TASK ->
In the listing below, locate the line with "Romantic Garden Terrace" and the line with "FCS II Accelerator", then output both and everything between them exactly, minus any pictures.

DATASET RECORDS ->

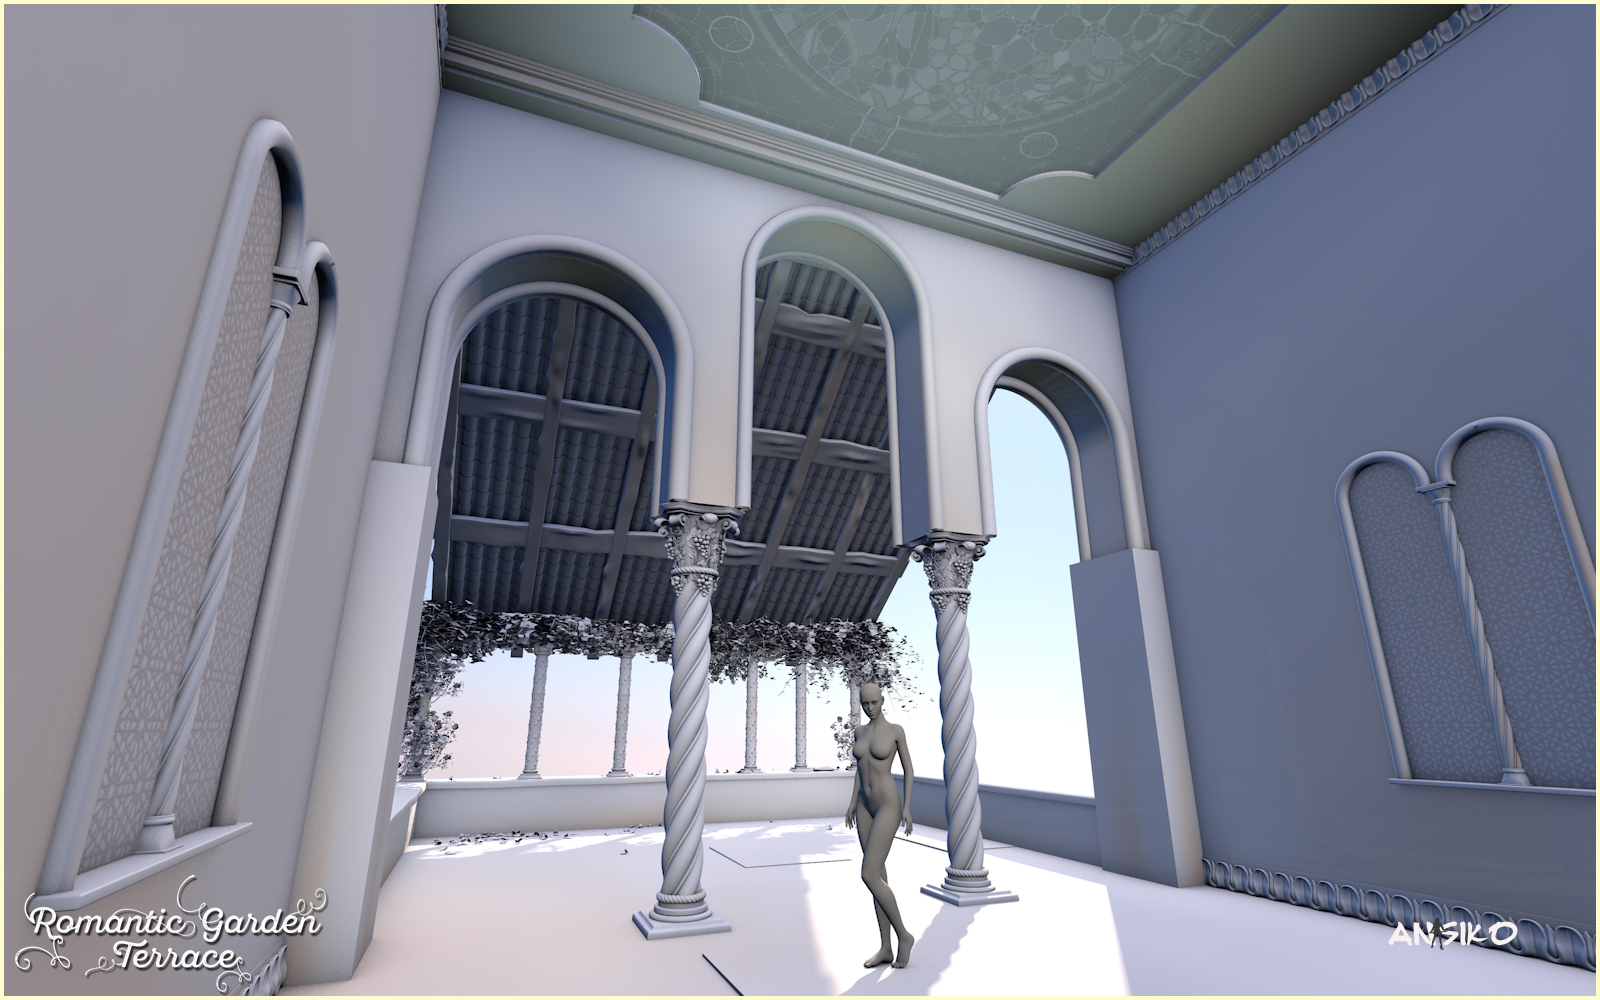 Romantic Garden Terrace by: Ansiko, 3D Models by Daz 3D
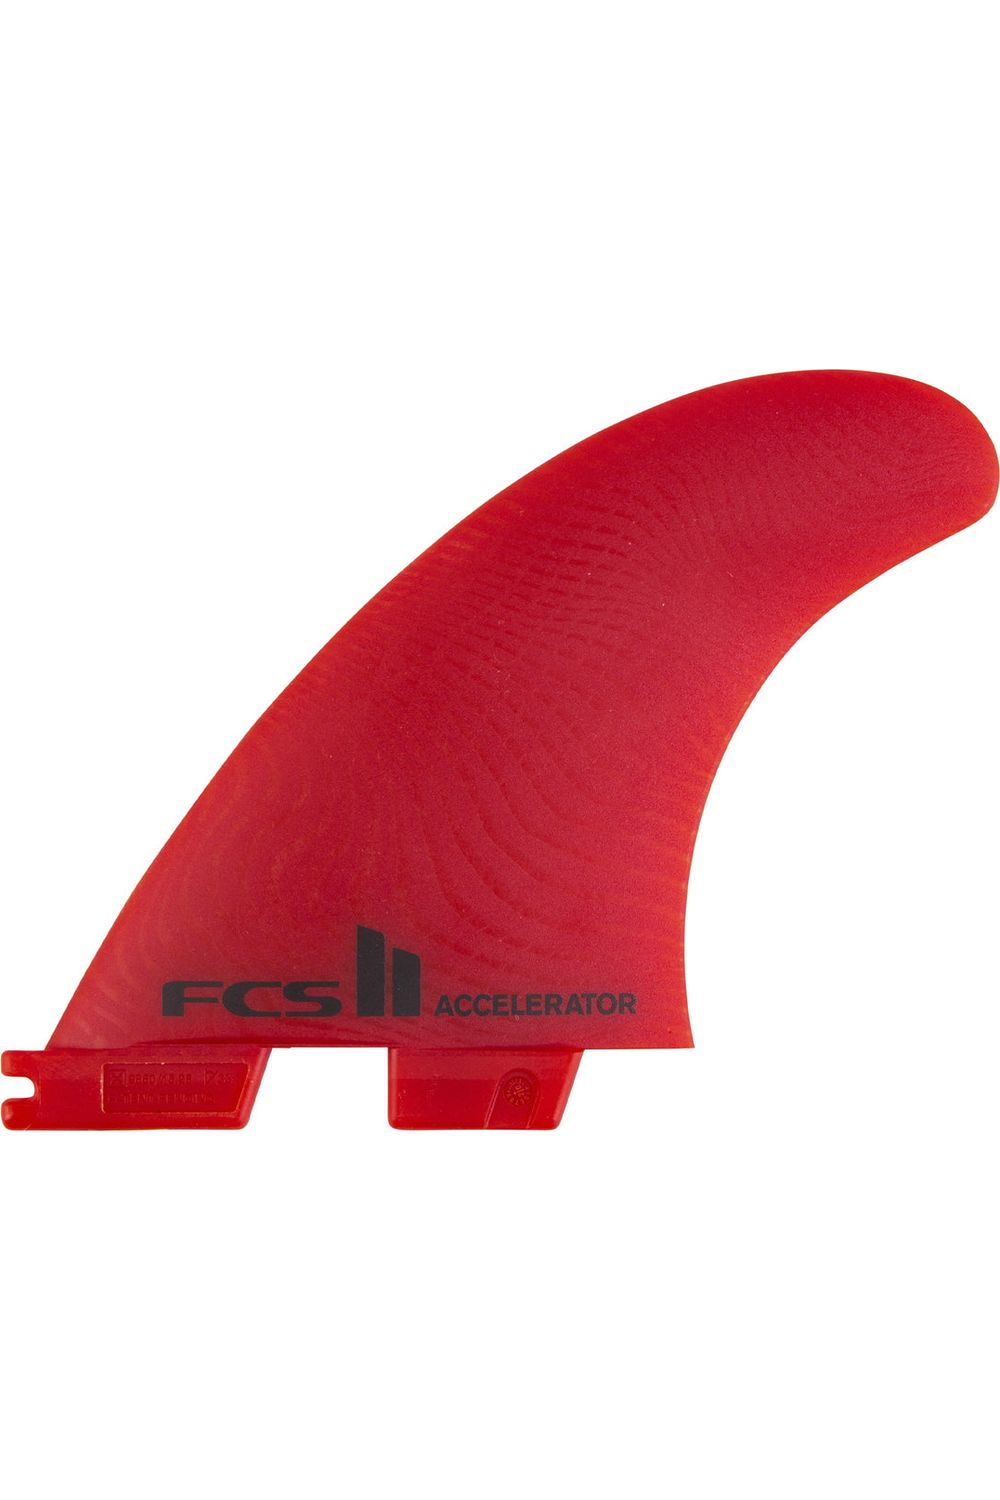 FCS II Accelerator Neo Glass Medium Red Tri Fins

---

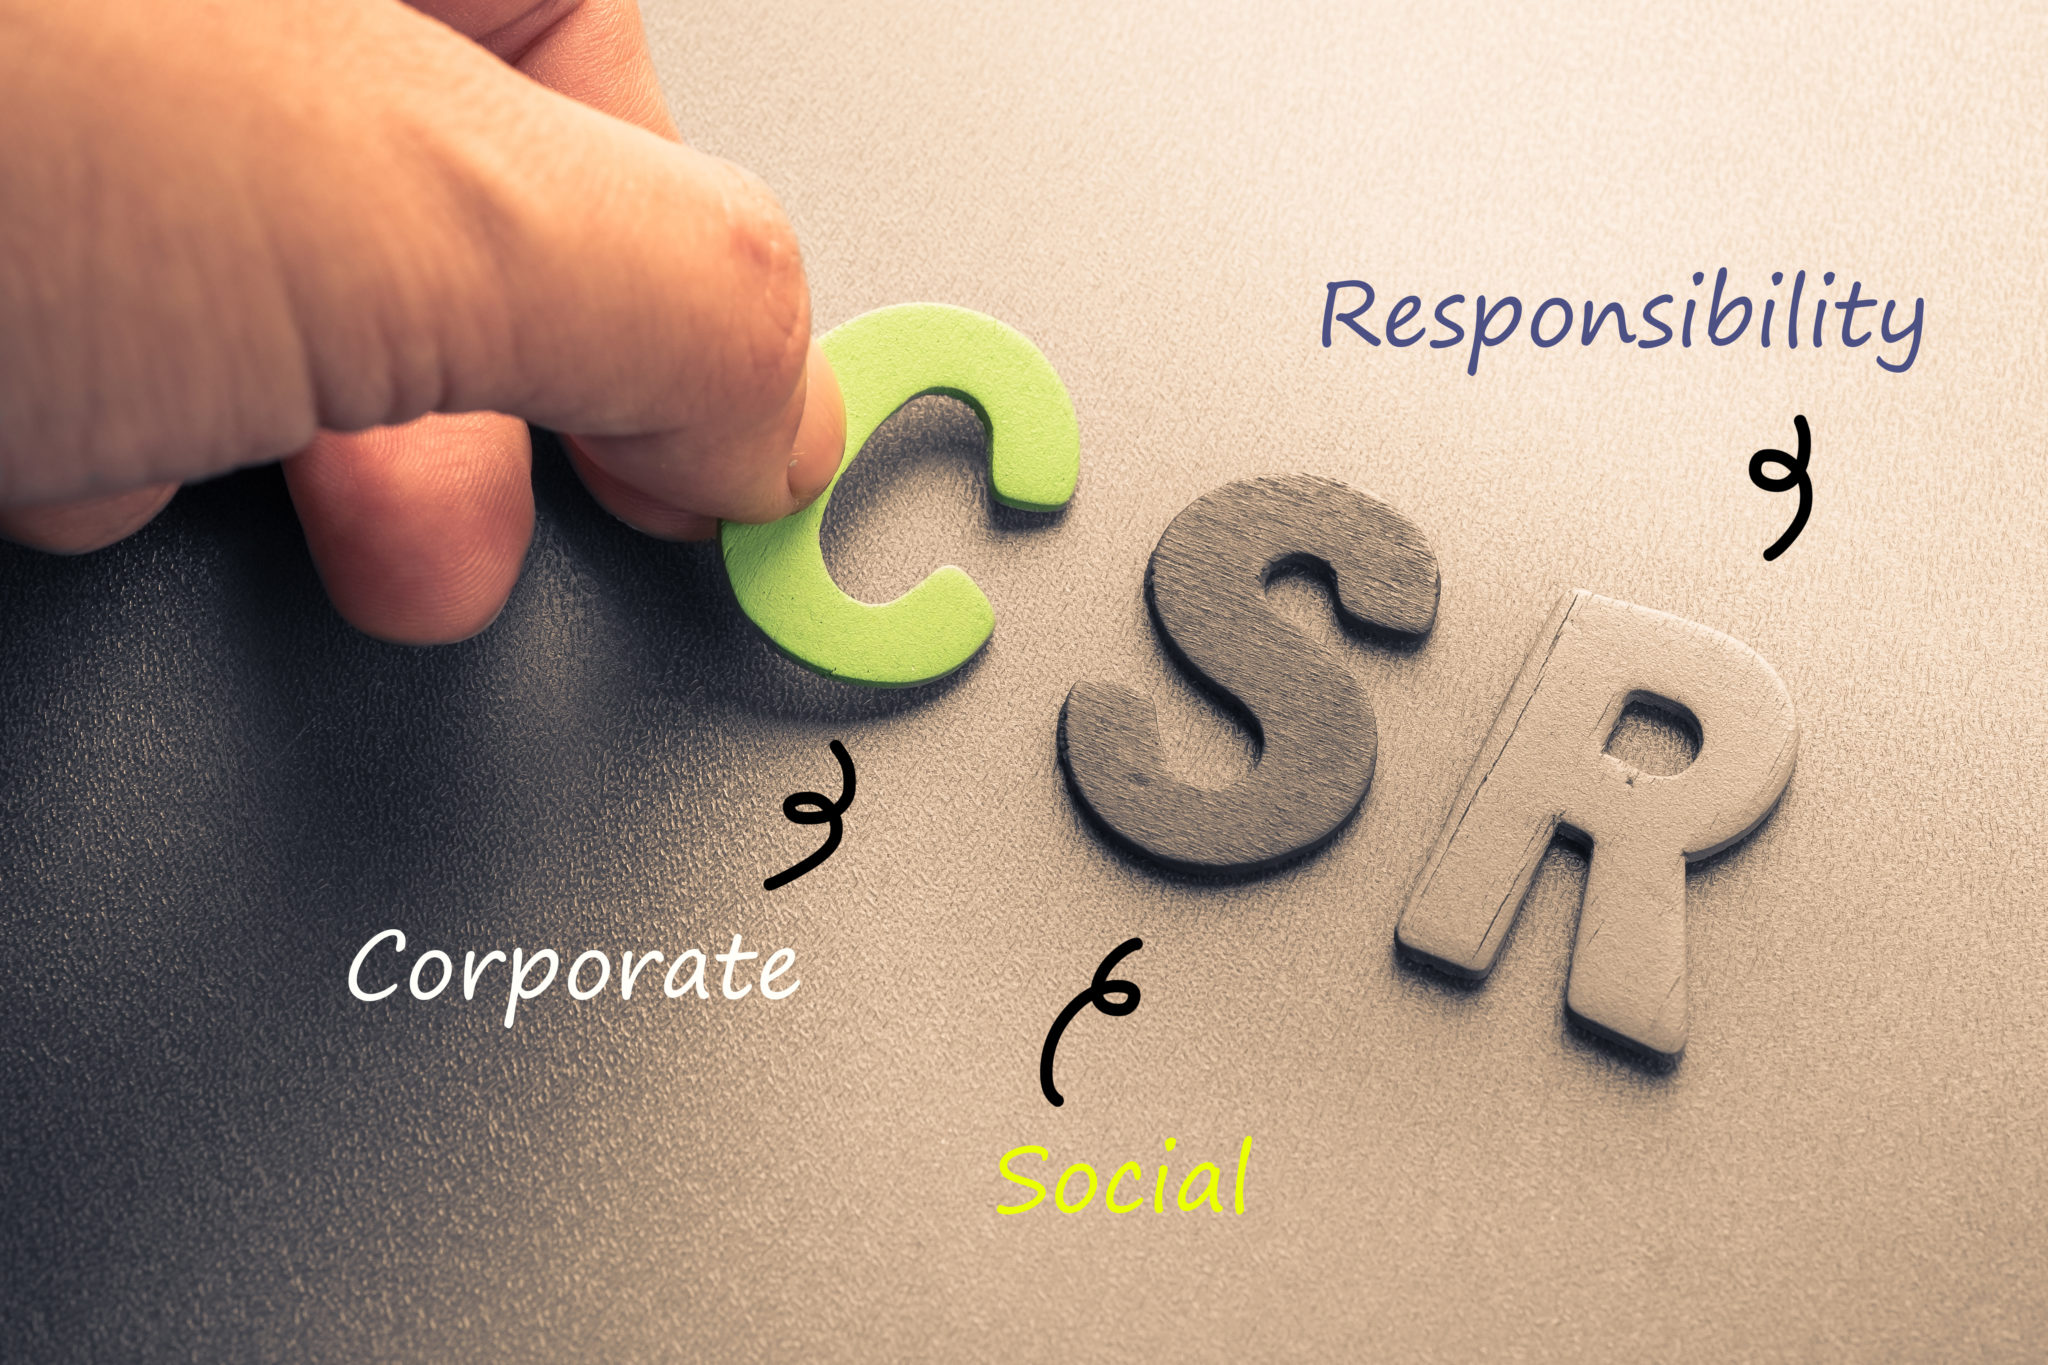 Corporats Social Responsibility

---

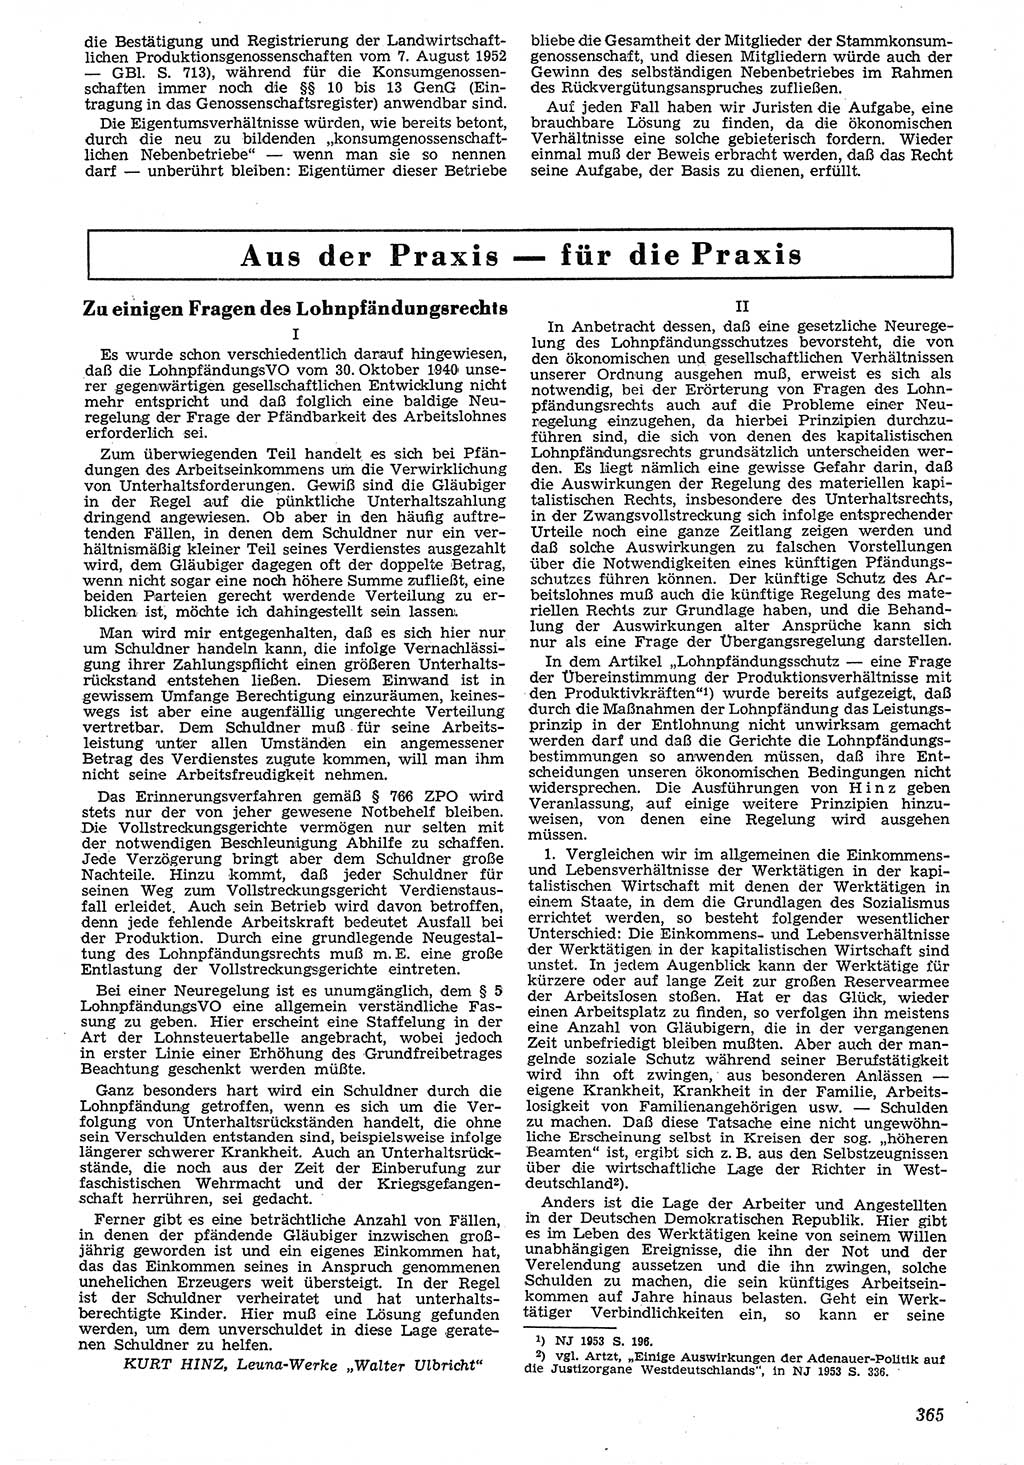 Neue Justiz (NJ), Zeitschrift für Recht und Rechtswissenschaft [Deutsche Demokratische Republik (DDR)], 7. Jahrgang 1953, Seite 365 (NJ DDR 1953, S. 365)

SOLUTION TO THE EXERCISE ->
 Romantic Garden Terrace by: Ansiko, 3D Models by Daz 3D
 FCS II Accelerator Neo Glass Medium Red Tri Fins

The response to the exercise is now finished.